The RNA sequencing from samples cultured in normal culturing condition and in nitrogen-starvation (3 biological replicates each) yielded 232,474,767 paired-end reads (2 × 100 bp) corresponding to 46.5 Gbp of sequence data. A combined de novo assembly strategy, involving different transcriptome assemblers, was employed to maximize the comprehensiveness of the reconstructed transcriptome. Actually, even when starting from the same sequences and similar parameters, the output of different assemblers can be quite different, and it is well recognized that different assemblers are more efficient at reconstructing different sets of sequences87,88. In particular, Trinity and Velvet/Oases assemblers were used implementing a range of k-mer sizes to generate many sequences that were then pooled into a super-set of 883,121 putative transcripts (Supplementary Table S6 and Supplementary Fig. S4). After clustering with an identity threshold of 95% and removal of redundant sequences a total of 112,530 putative transcripts were obtained. Of the initial reads 98% could be mapped to the assembled putative transcripts. To increase the confidence of the assembly only putative transcripts covered by at least 100 paired-end reads in at least one of the biological replicates were considered in the following analyses. A total of 70,787 putative transcripts with an average length of 2055 bp were obtained (Table 1).

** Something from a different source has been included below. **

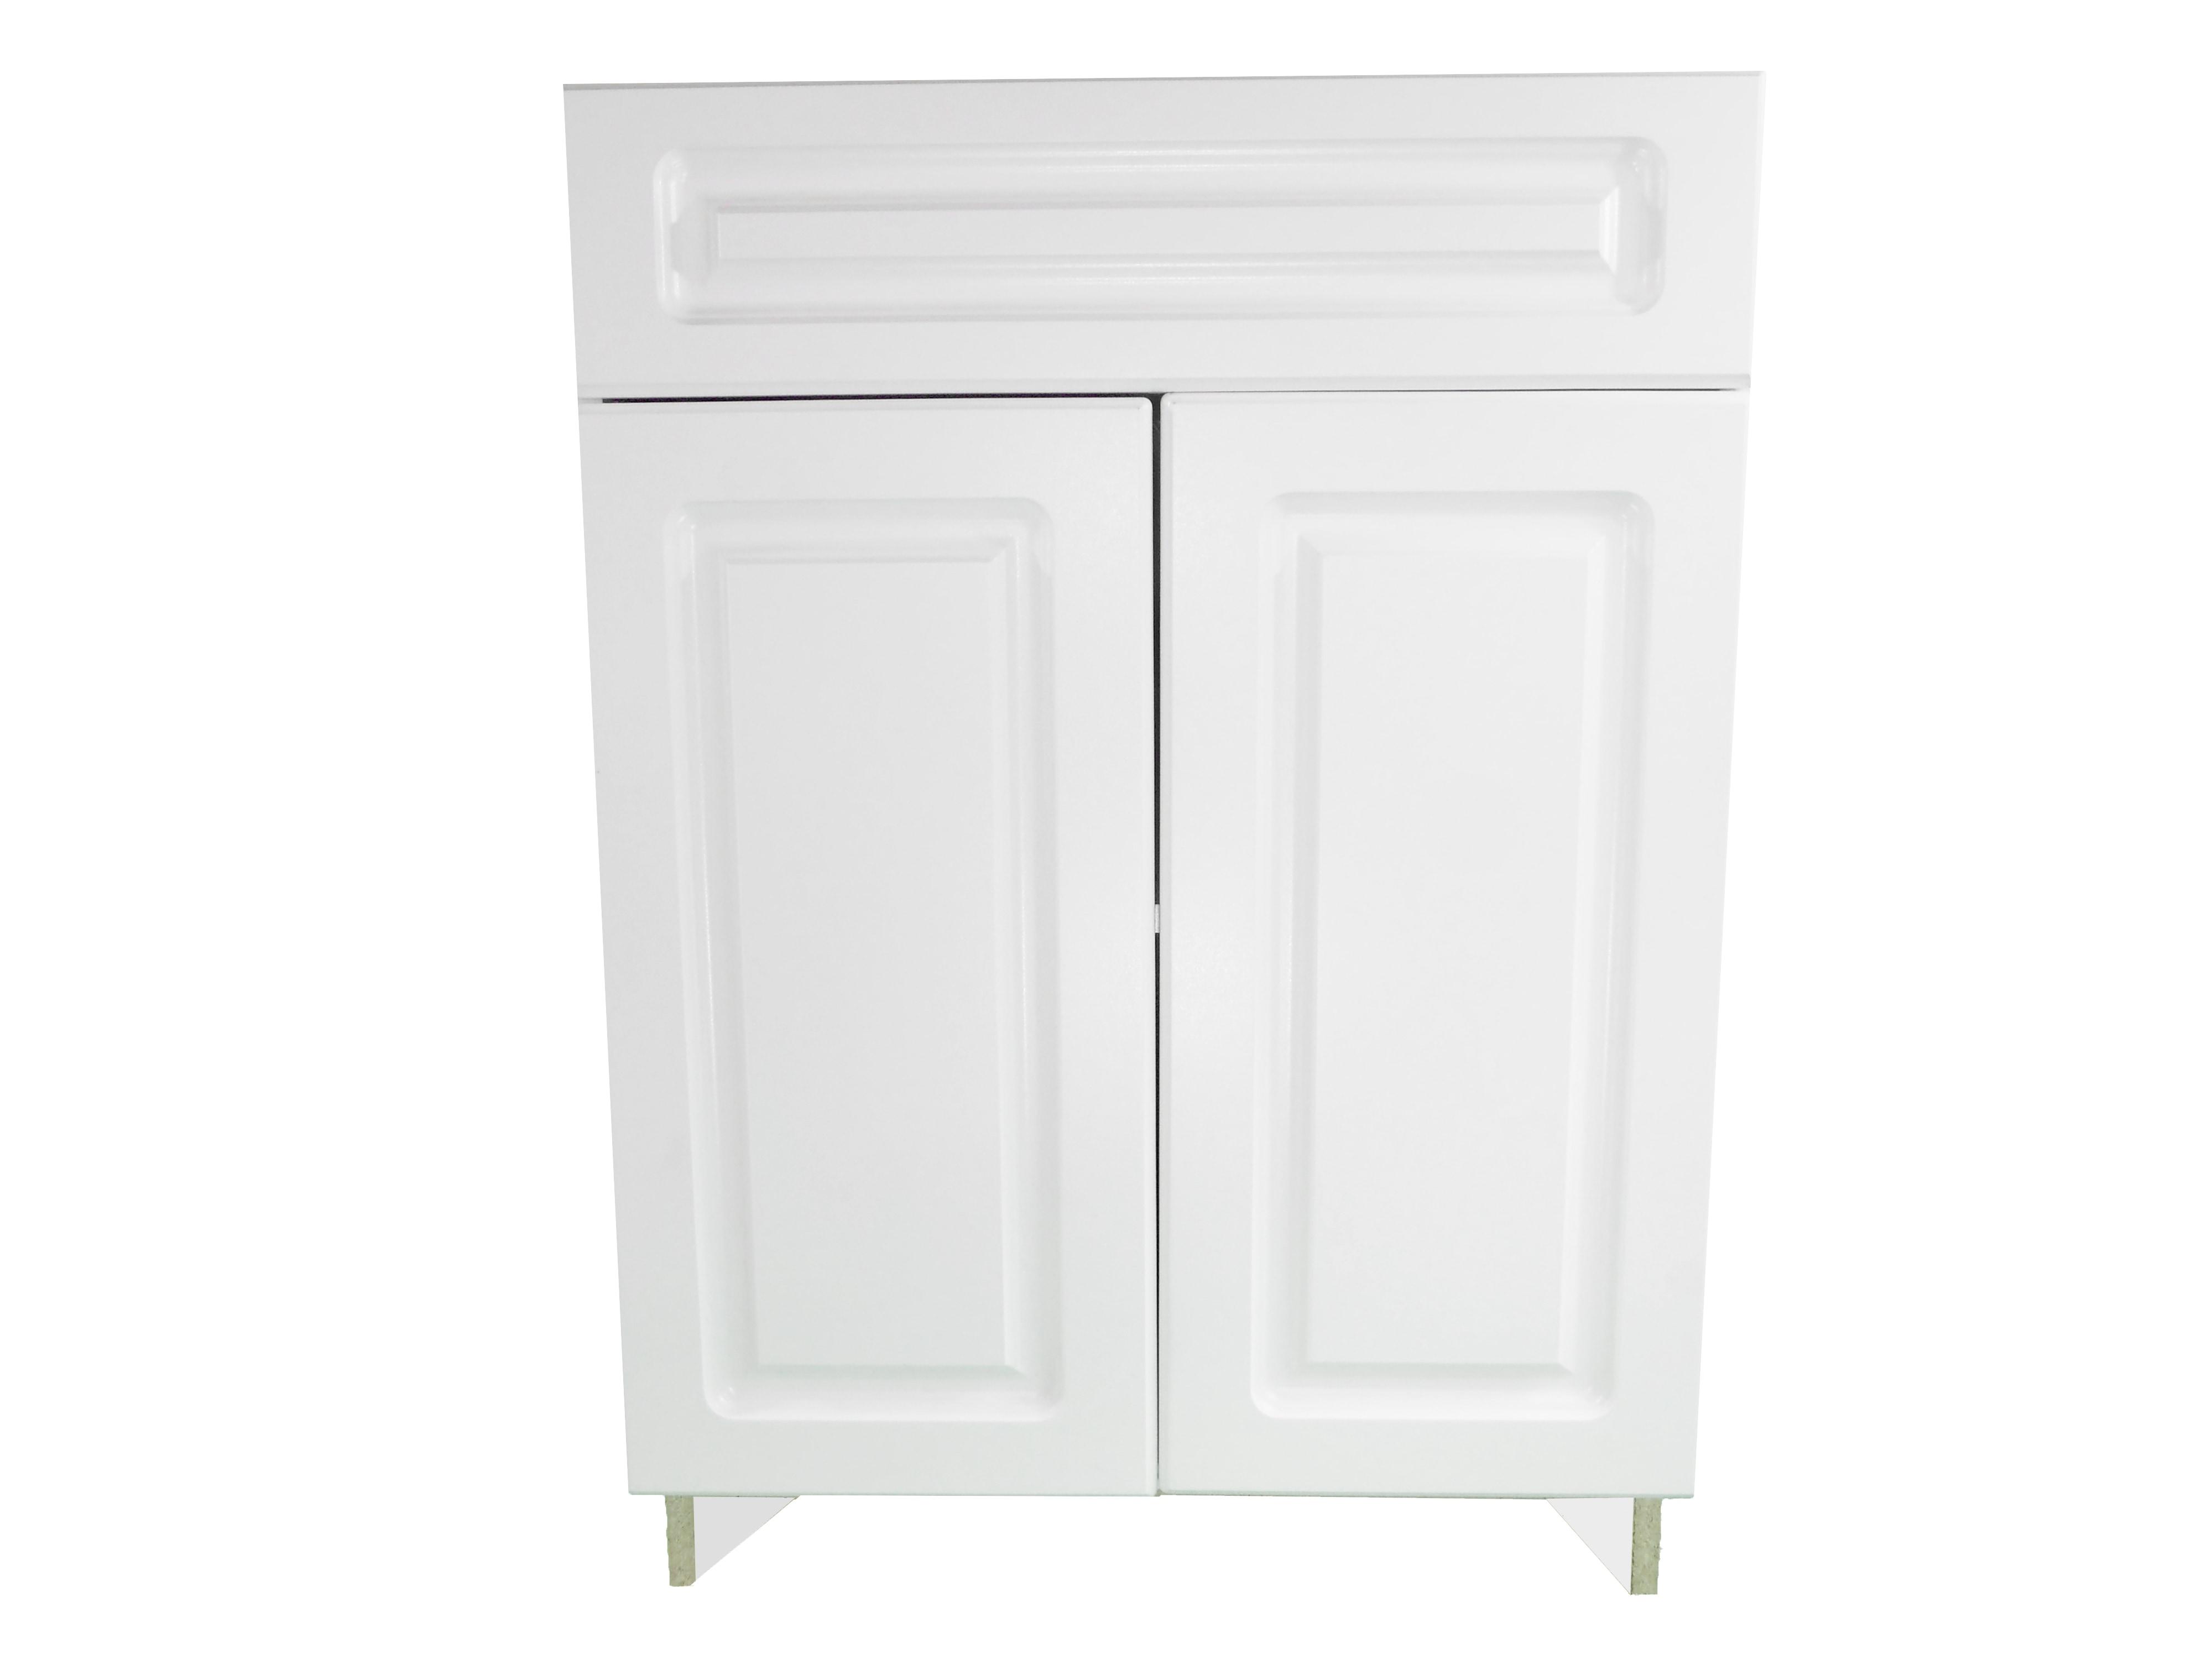 Base Cabinet with Drawer/2 Door / San Juan / Raised Panel White / 30 San Juan 0

Table 1 Summary statistics of putative transcripts assembly.

A sequence similarity search was performed against the Swiss-Prot database (E-value < 1e−05) using the BLASTx algorithm and 23,076 (33%) putative transcripts showed significant sequence similarity. Moreover, to provide a functional classification putative transcripts were mapped to Gene Ontology (GO) terms (Fig. 1). GO terms were assigned to 25,361 (35.8%) putative transcripts. Cellular process (15,861 putative transcripts) and metabolic process (14,154 putative transcripts) were the most highly represented groups. Genes involved in other important biological processes such as response to stimulus (8336 putative transcripts) and signaling (5606 putative transcripts) were also highly represented. Functional categories were also deeply investigated by using the Kyoto Encyclopedia of Genes and Genomes (KEGG) annotation. Using the KEGG pathway classification, 135 metabolic pathways were found (Supplementary Table S7). Of these, the biosynthesis of antibiotics pathway (Pathway ID map01130), was the one with the highest number of enzymes associated to it (135). Other highly represented pathways were purine metabolism (map00230), amino sugar and nucleotide sugar metabolism (map00520), cysteine and methionine metabolism (map00270), starch and sucrose metabolism (map00500) and pyrimidine metabolism (map00240).

Figure 1
figure 1

Histogram of GO classifications of Amphidinium carterae putative transcripts. Results are summarized for the three main GO categories: biological processes, cellular component and molecular function. The y-axis indicates the percentage of sequences for each category.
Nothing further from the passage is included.